**Exercise brief:** Give back the exact lines of the material below from the one containing "Saint-Dier-d'Auvergne" through the one containing "กริยา 3 ช่อง", and no pictures.

**Data shown:**

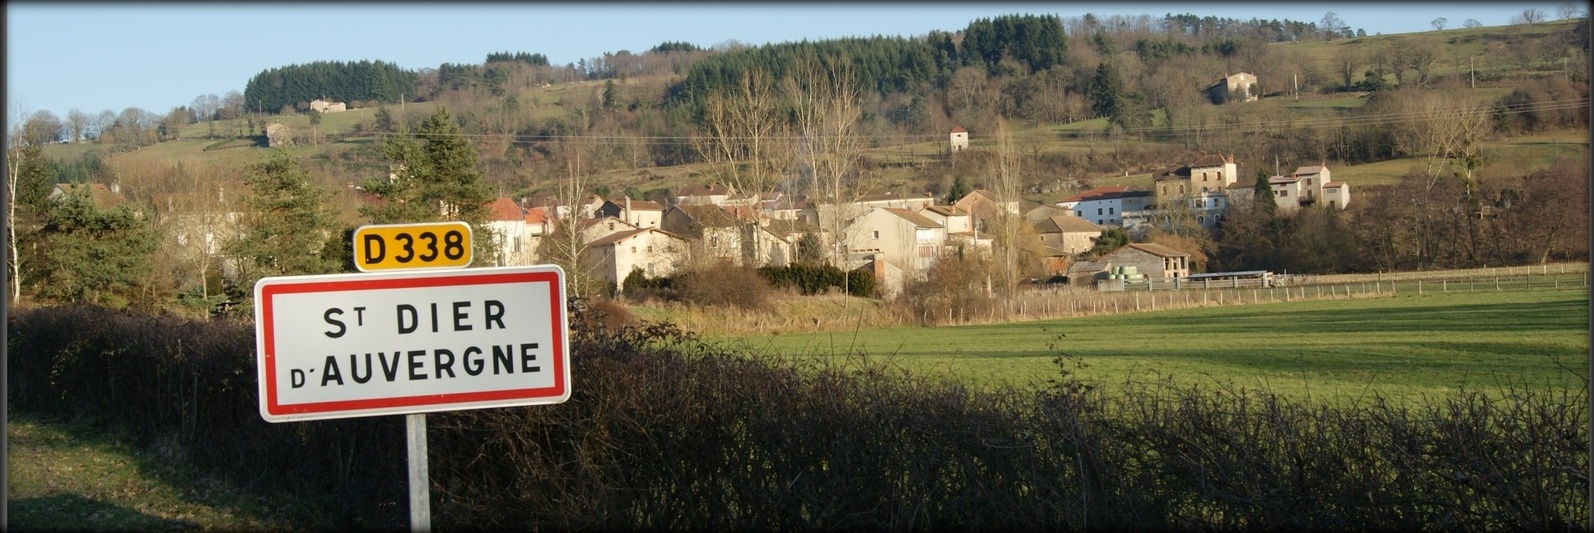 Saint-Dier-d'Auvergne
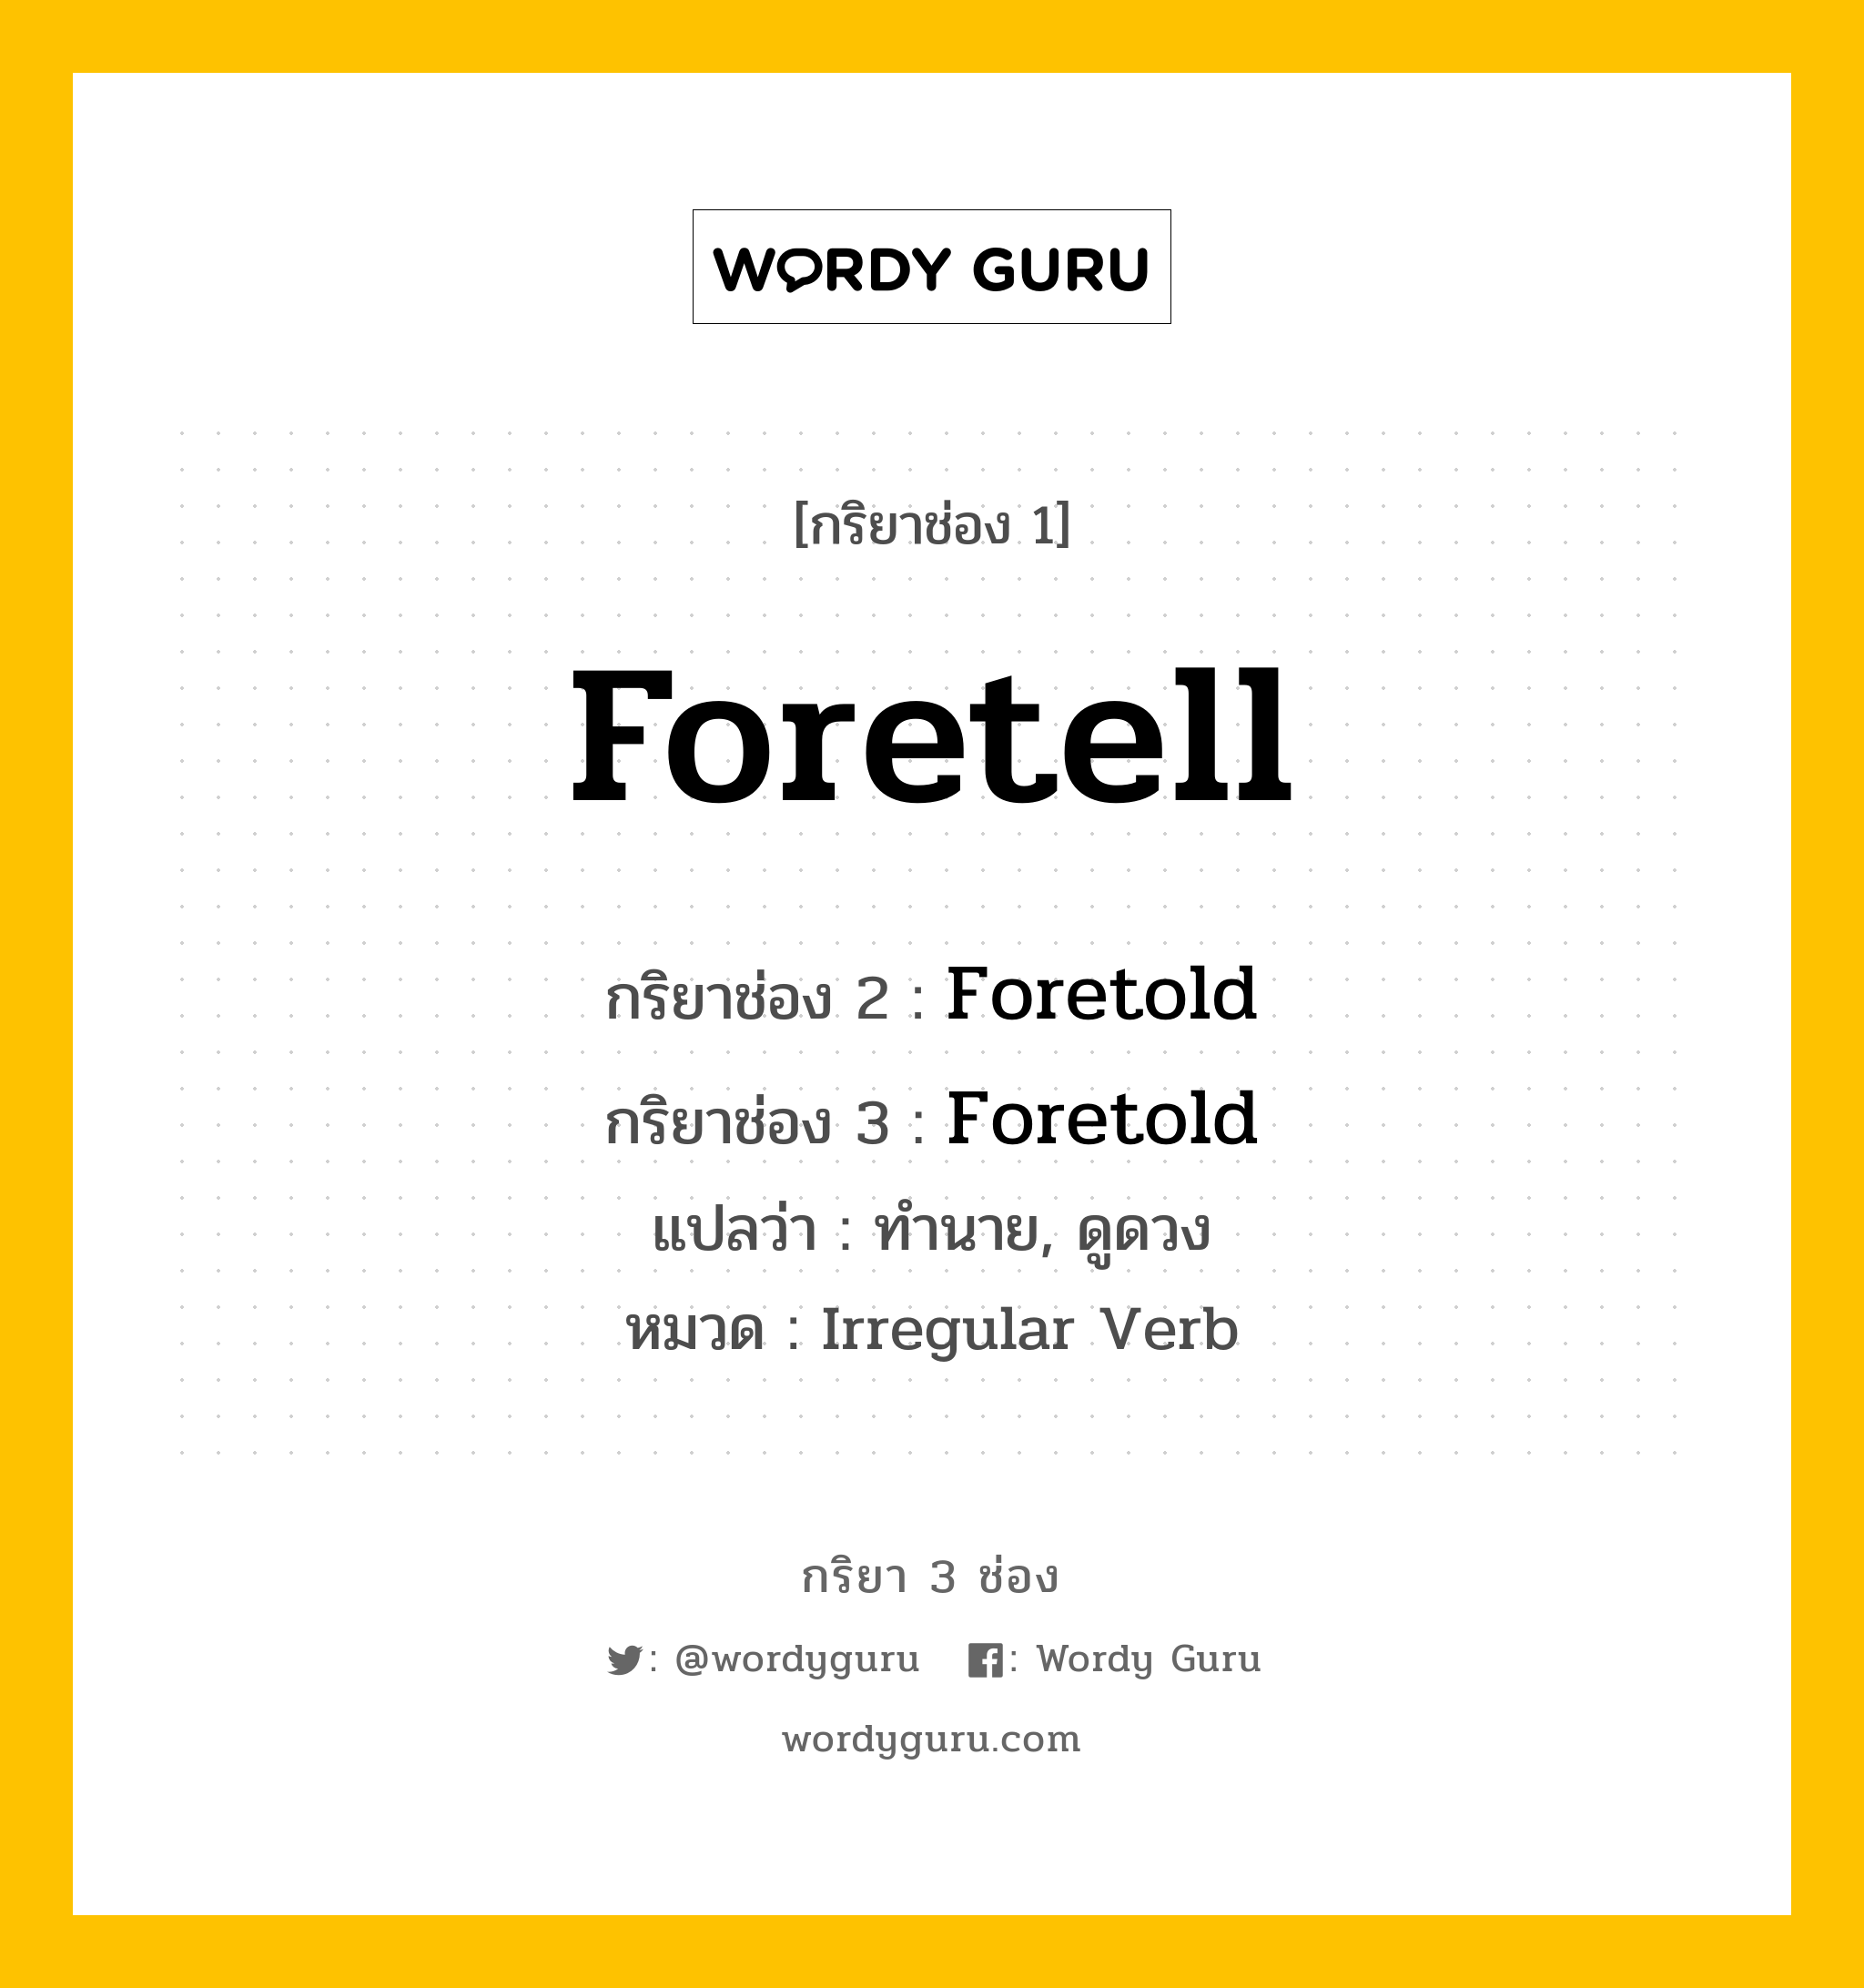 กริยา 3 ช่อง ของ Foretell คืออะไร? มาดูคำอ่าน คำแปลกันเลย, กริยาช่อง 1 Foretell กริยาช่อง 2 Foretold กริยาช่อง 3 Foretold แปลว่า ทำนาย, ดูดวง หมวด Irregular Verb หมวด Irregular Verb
--
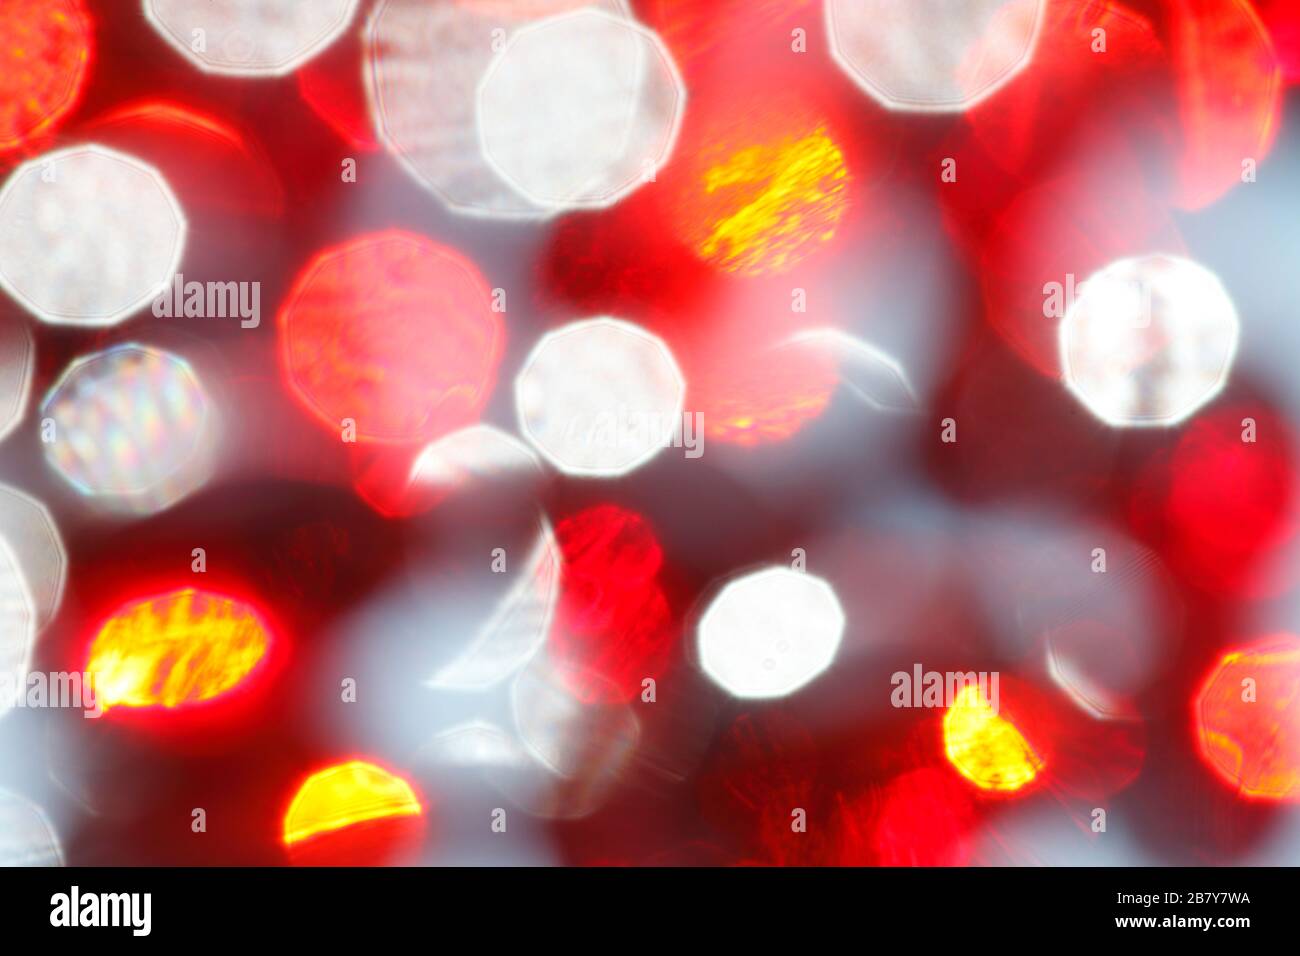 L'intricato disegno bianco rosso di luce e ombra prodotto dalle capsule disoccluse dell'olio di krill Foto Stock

**Answer section:**
 Saint-Dier-d'Auvergne
 กริยา 3 ช่อง ของ Foretell คืออะไร? มาดูคำอ่าน คำแปลกันเลย, กริยาช่อง 1 Foretell กริยาช่อง 2 Foretold กริยาช่อง 3 Foretold แปลว่า ทำนาย, ดูดวง หมวด Irregular Verb หมวด Irregular Verb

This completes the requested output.